The mtime is stored in nanoseconds as i128. Linux provides nanosecond-resolution timestamps (we saw this back in episode 62 when reading file metadata), and storing them at full precision means we can detect sub-second modifications. Some older sync tools only compare seconds, which leads to missed changes when build tools modify files in rapid succession.
The checksum is SHA-256. Zig's standard library has a complete implementation in std.crypto.hash.sha2. We could have used a faster hash like xxHash or CRC32 for a toy project, but SHA-256 gives us collision resistance that actually matters when you're deciding whether to transfer a file. Nobody wants their sync tool to skip a file because of a hash collision.
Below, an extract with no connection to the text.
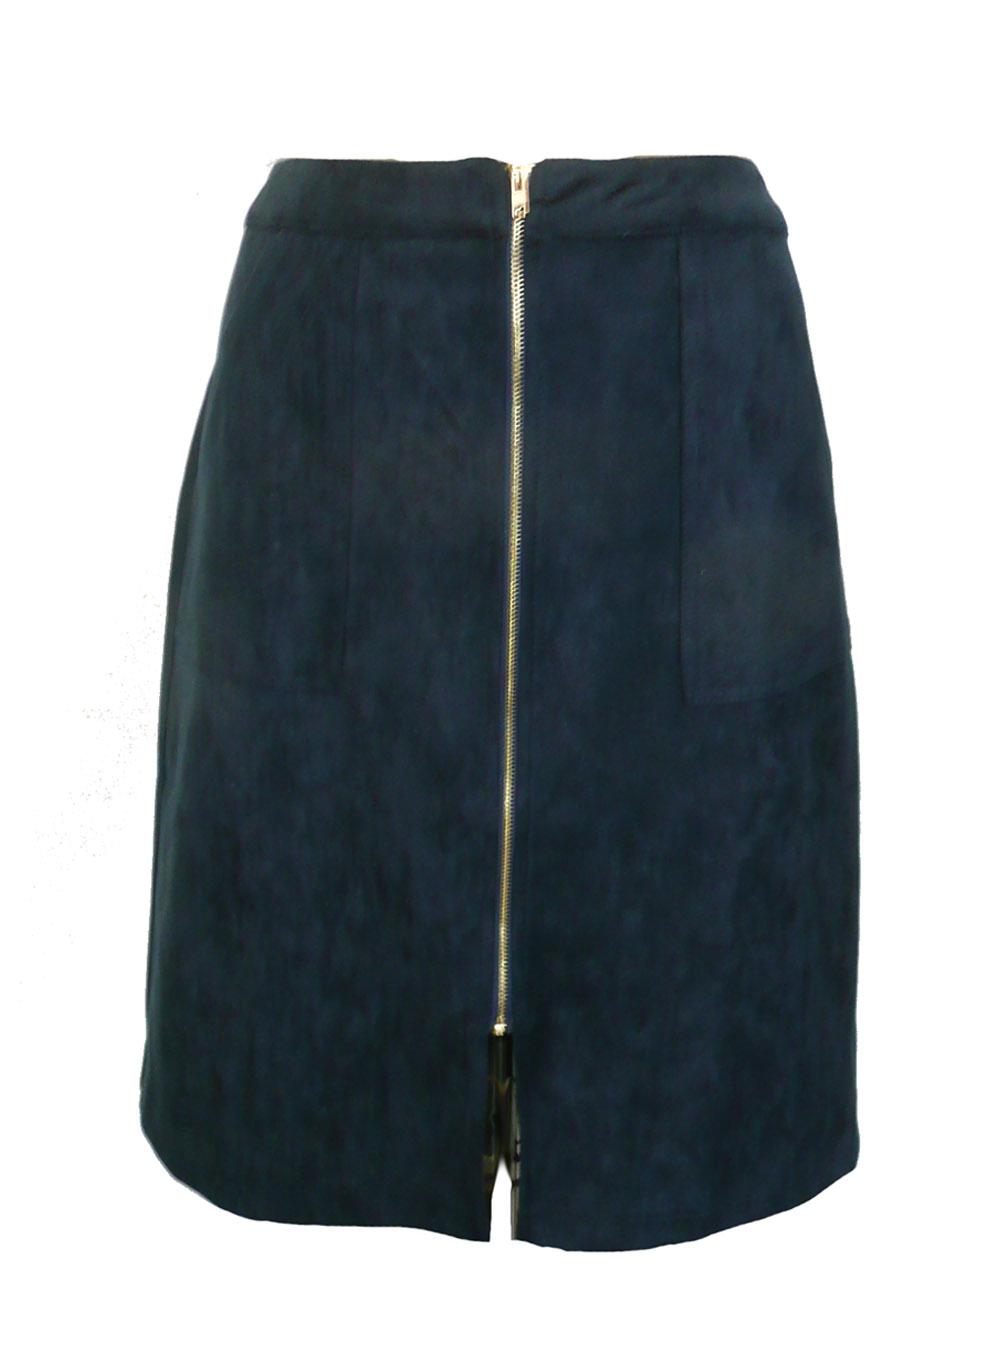 skirt navy faux suede.jpg

Scanning directories recursively
Here's where things get interesting. We need to walk an entire directory tree and build a flat list of FileEntry values. Zig's std.fs.Dir gives us an iterator, but it only walks one level -- we need to recurse ourselves:
// src/scanner.zig
const std = @import("std");
const manifest = @import("manifest.zig");
pub const ScanError = error{
OutOfMemory,
AccessDenied,
OpenFailed,
ReadFailed,
};
pub fn scanDirectory(
allocator: std.mem.Allocator,
root_path: []const u8,
) ScanError![]manifest.FileEntry {
var entries = std.ArrayList(manifest.FileEntry).init(allocator);
errdefer {
for (entries.items) |entry| {
allocator.free(entry.path);
}
entries.deinit();
}
try scanRecursive(allocator, root_path, "", &entries);
return entries.toOwnedSlice() catch return ScanError.OutOfMemory;
}
fn scanRecursive(
allocator: std.mem.Allocator,
root_path: []const u8,
relative_prefix: []const u8,
entries: *std.ArrayList(manifest.FileEntry),
) ScanError!void {
// open the directory to scan
var full_path_buf: [4096]u8 = undefined;
const full_path = std.fmt.bufPrint(&full_path_buf, "{s}{s}{s}", .{
root_path,
if (relative_prefix.len > 0) "/" else "",
relative_prefix,
}) catch return ScanError.OutOfMemory;
var dir = std.fs.openDirAbsolute(full_path, .{ .iterate = true }) catch
return ScanError.OpenFailed;
defer dir.close();
var it = dir.iterate();
while (it.next() catch return ScanError.ReadFailed) |entry| {
// skip hidden files and common junk
if (entry.name[0] == '.') continue;
// build relative path
const rel_path = if (relative_prefix.len > 0)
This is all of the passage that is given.